GIVEN DATA:
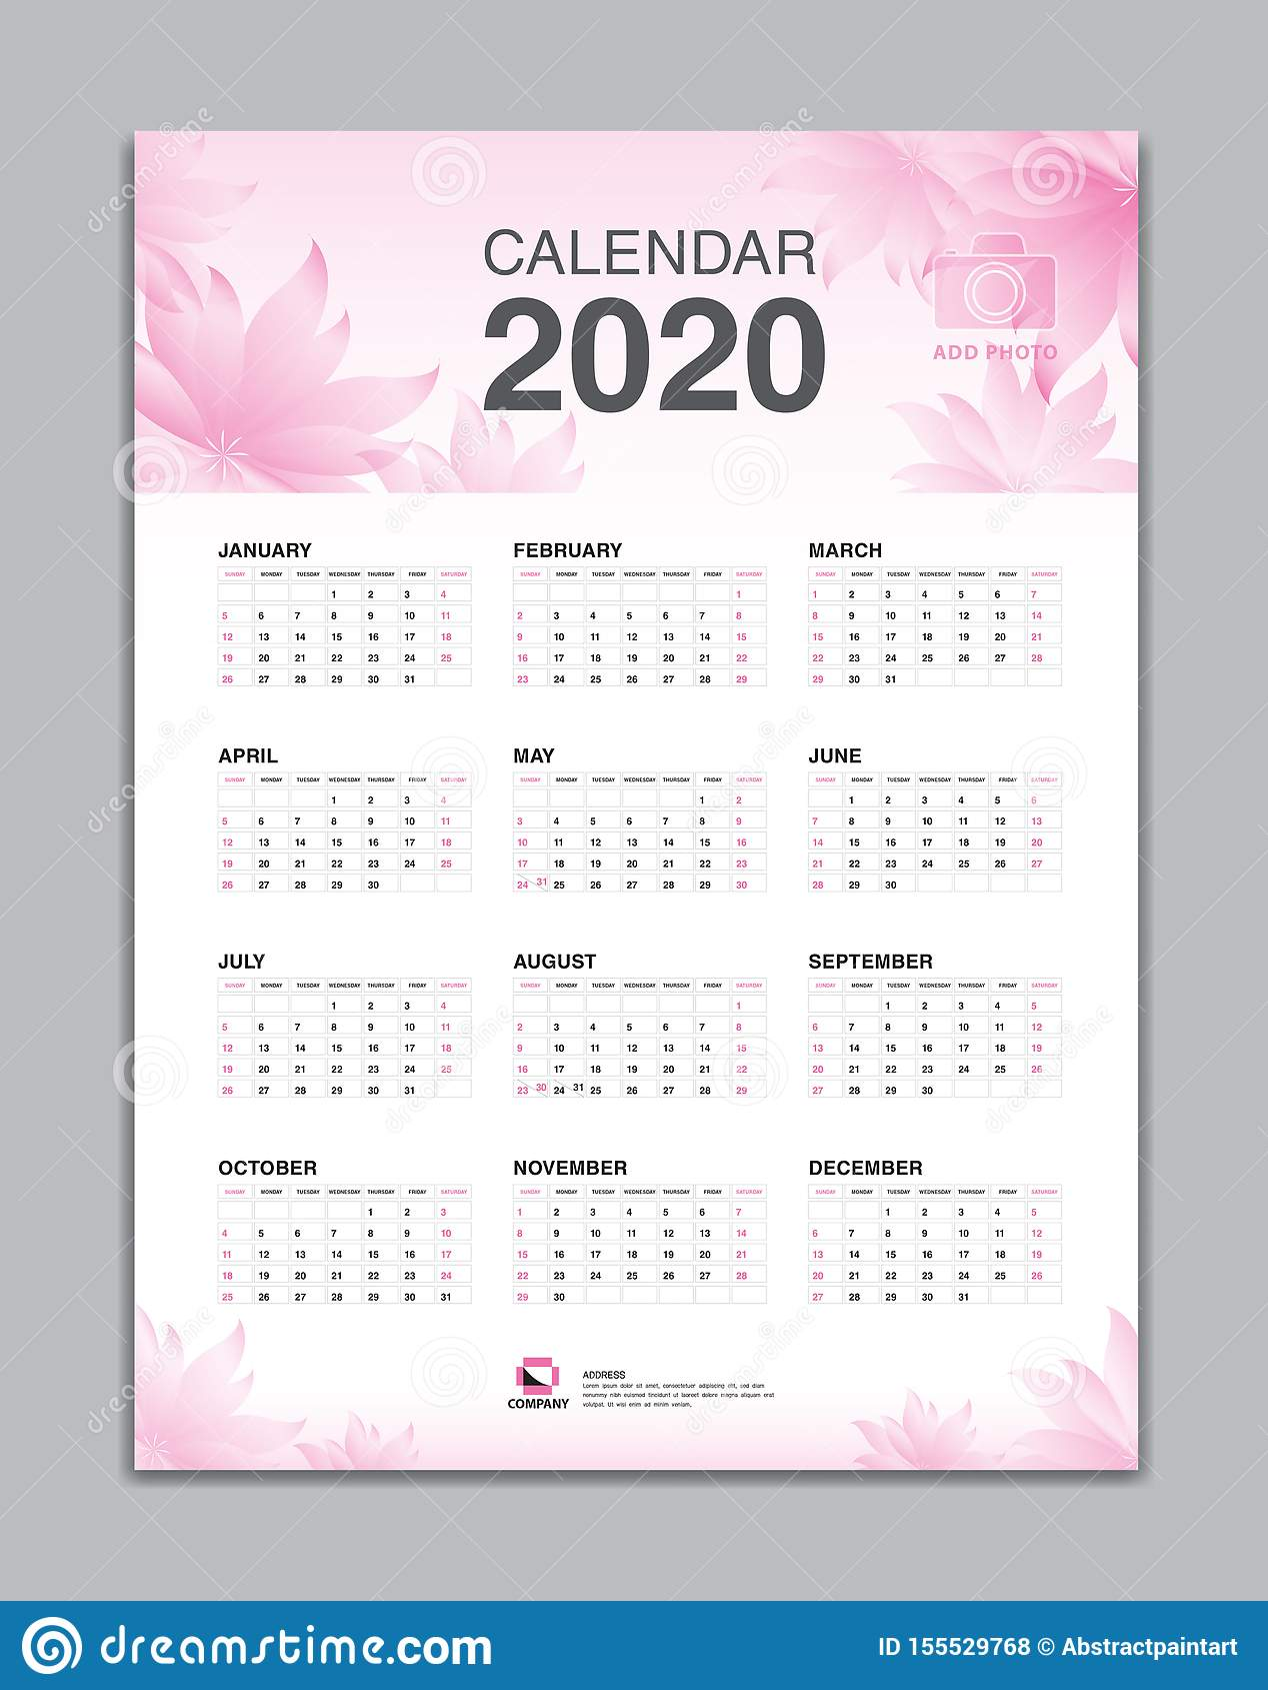 Calendar 15 Template, Wall Calendar 15 Vector, Desk Calendar
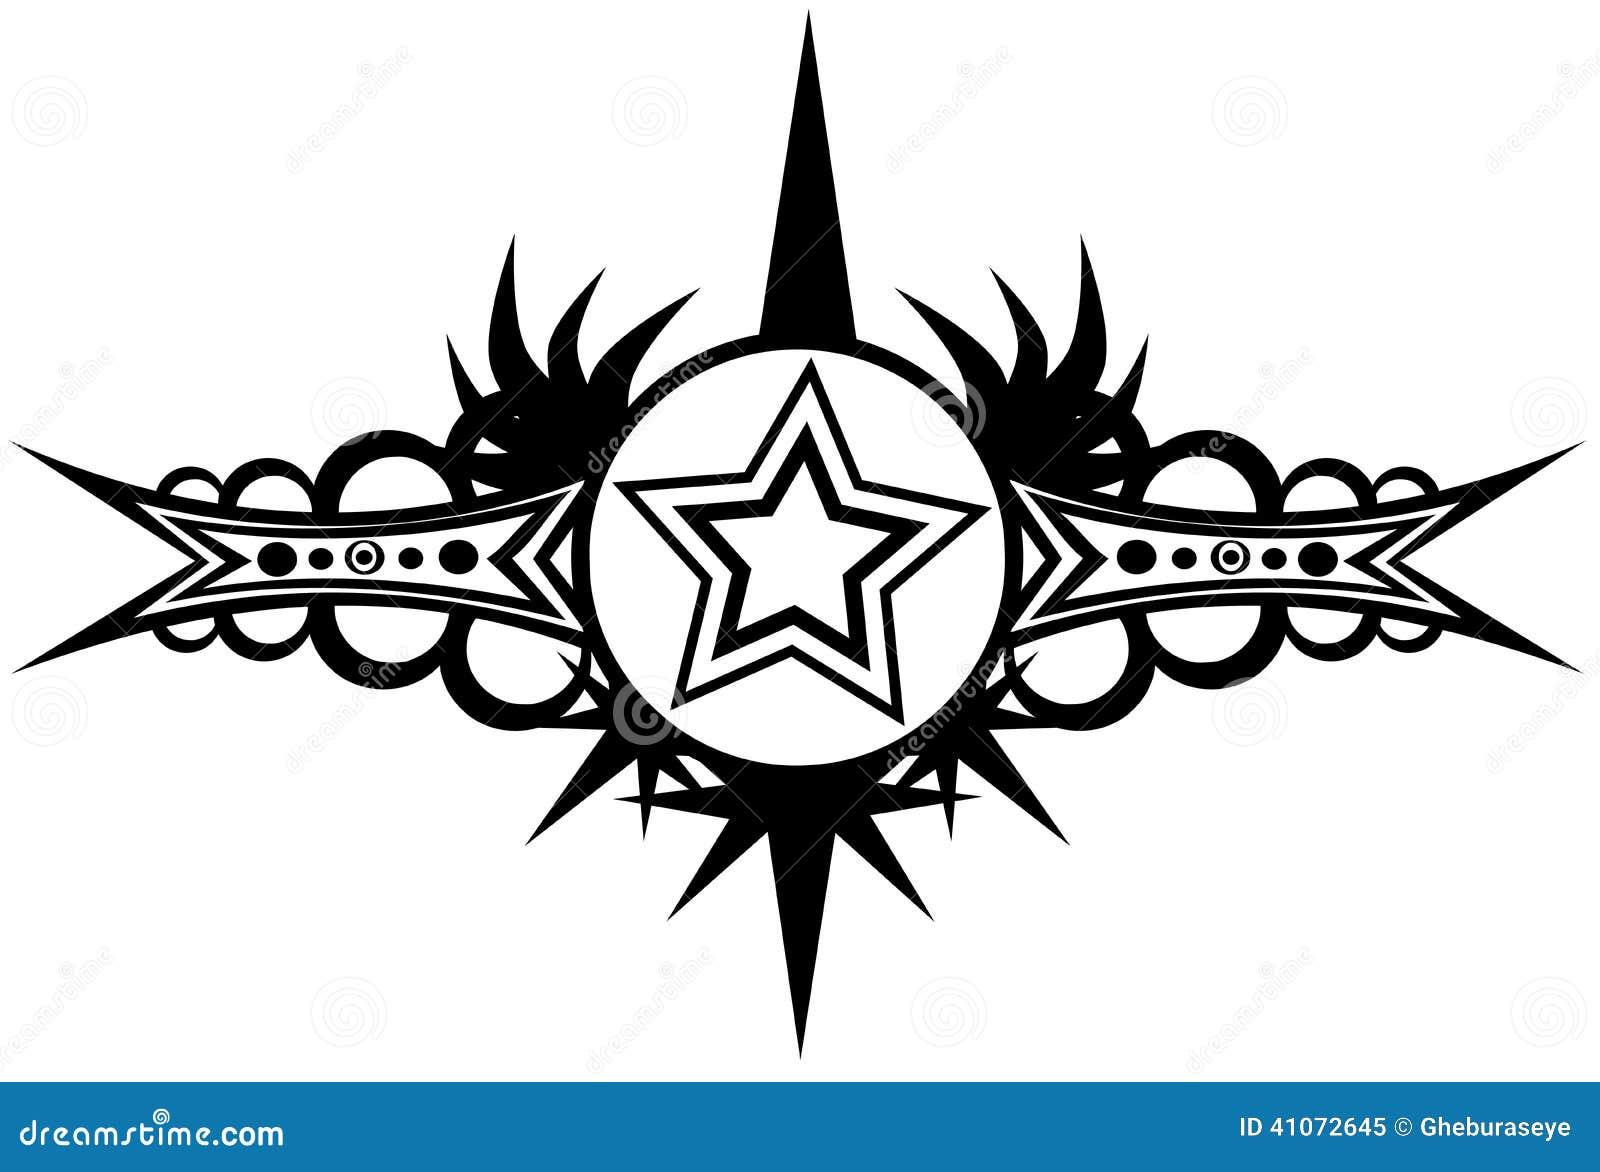 Star tattoo in black and white stock illustration image 41072645 - Dibujos tribales para tatuar ...
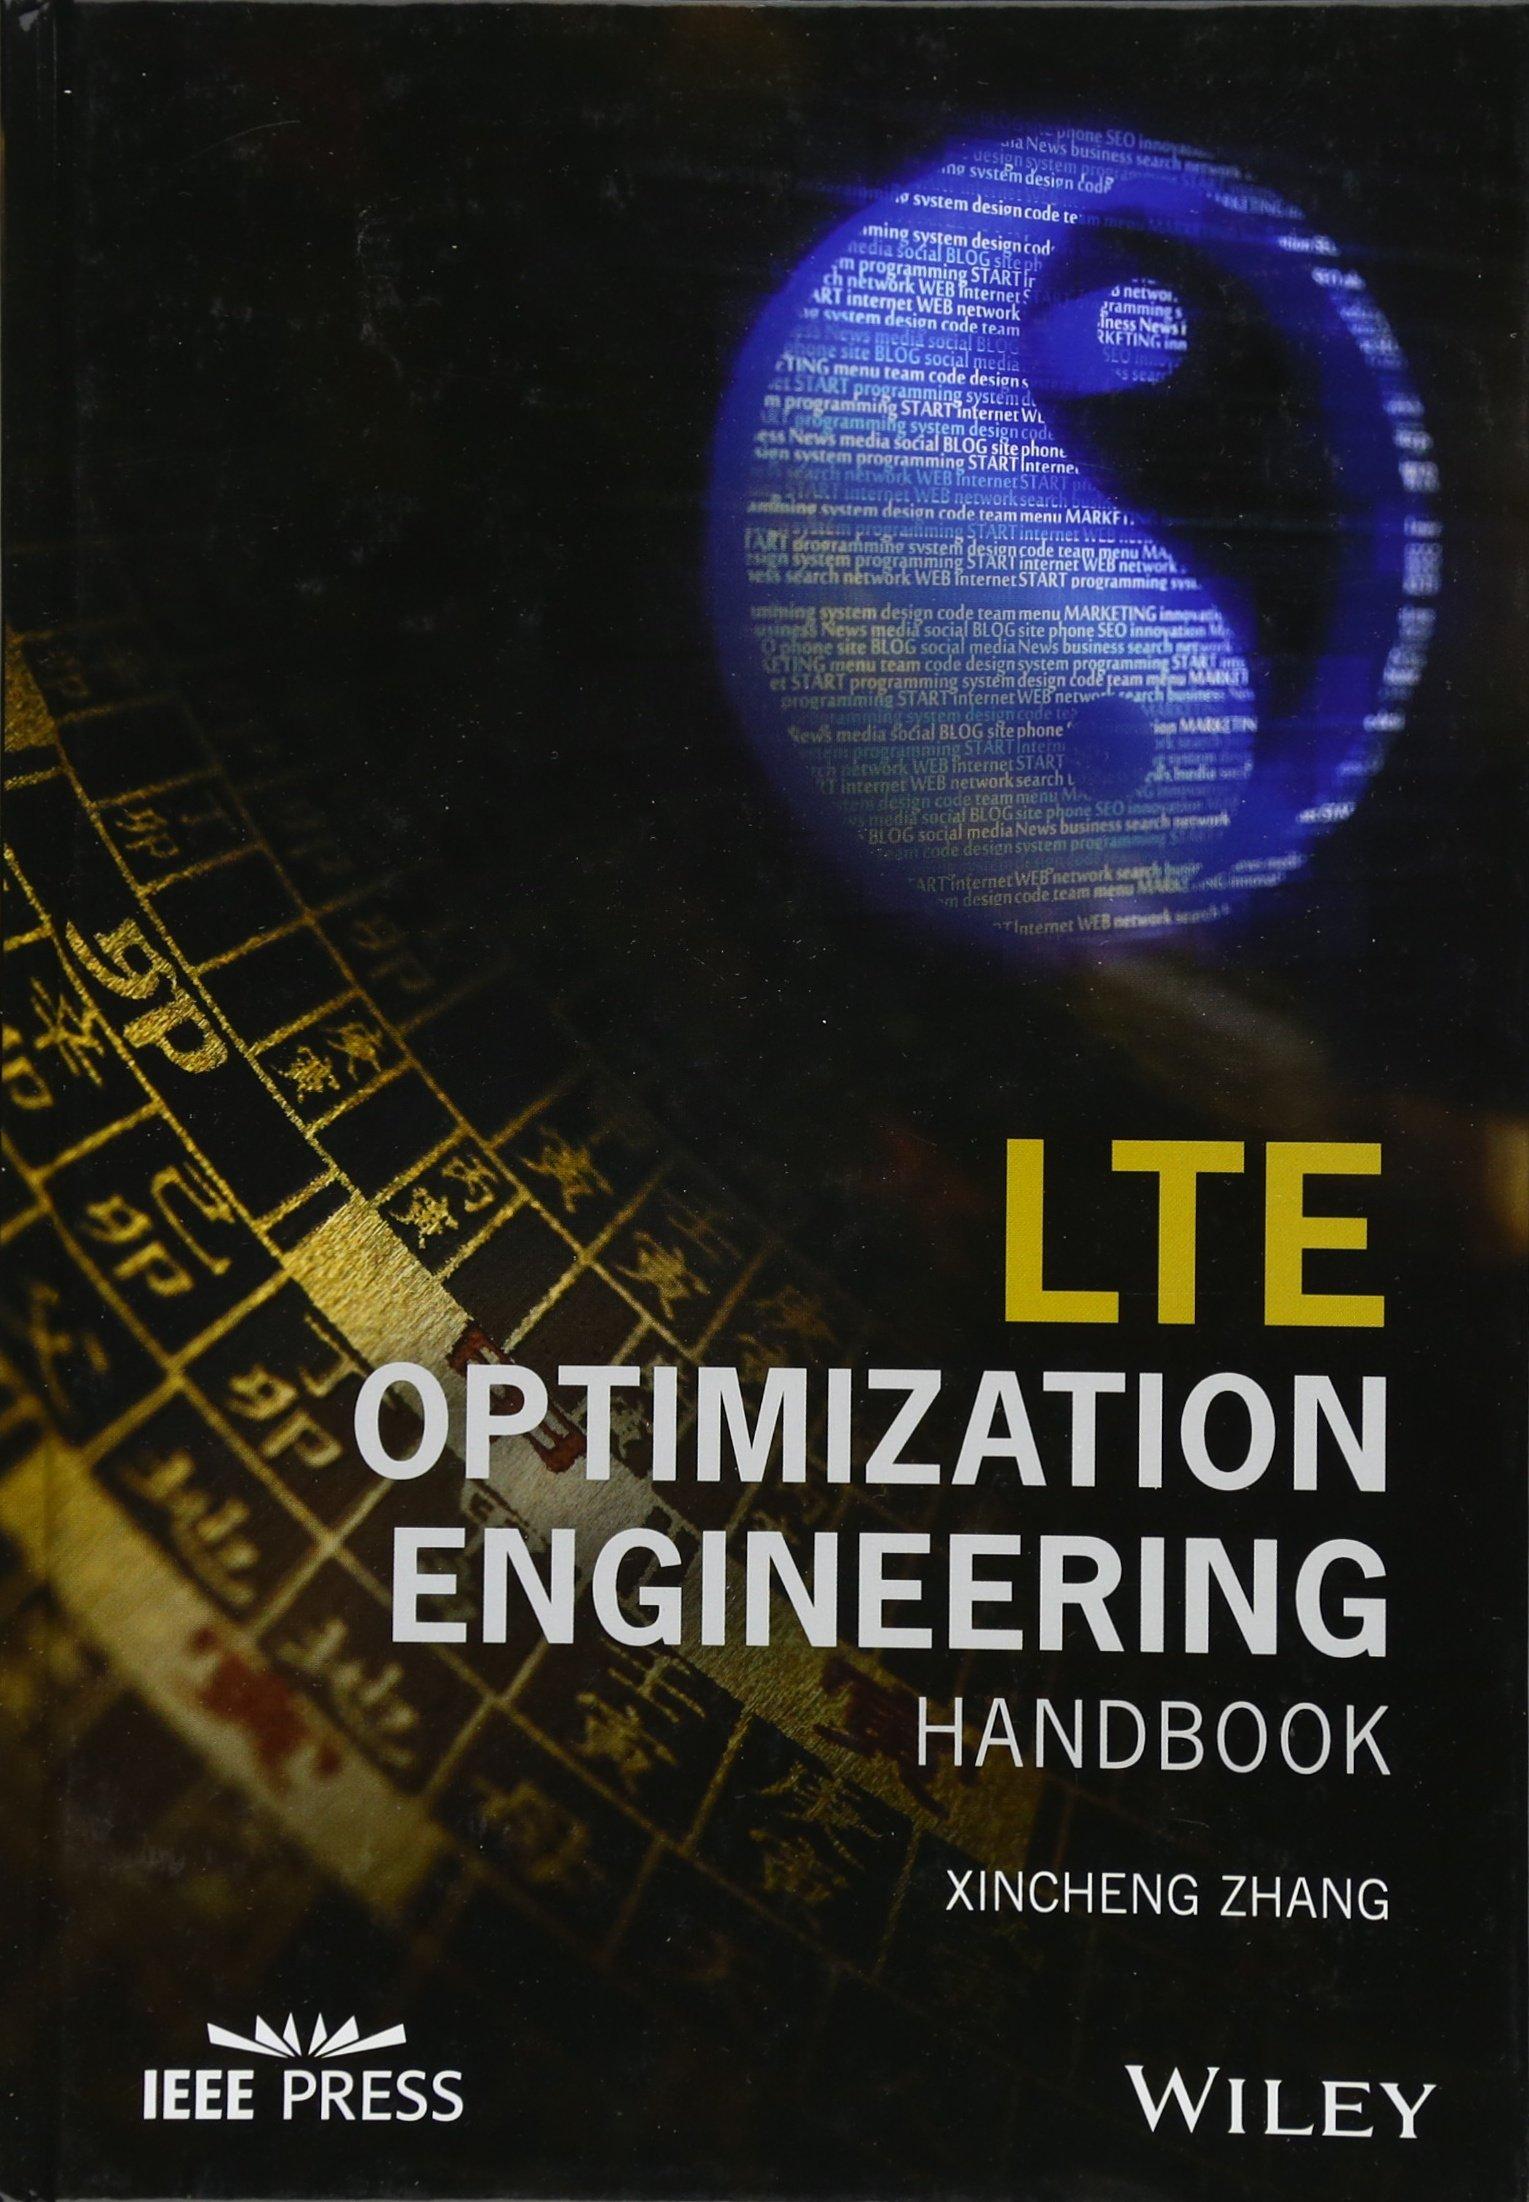 LTE Optimization Engineering Handbook

TASK TO COMPLETE:
Please output the entire listing above verbatim and omit its images.

RESULT OF THE EXERCISE:
 Calendar 15 Template, Wall Calendar 15 Vector, Desk Calendar
 Star tattoo in black and white stock illustration image 41072645 - Dibujos tribales para tatuar ...
 LTE Optimization Engineering Handbook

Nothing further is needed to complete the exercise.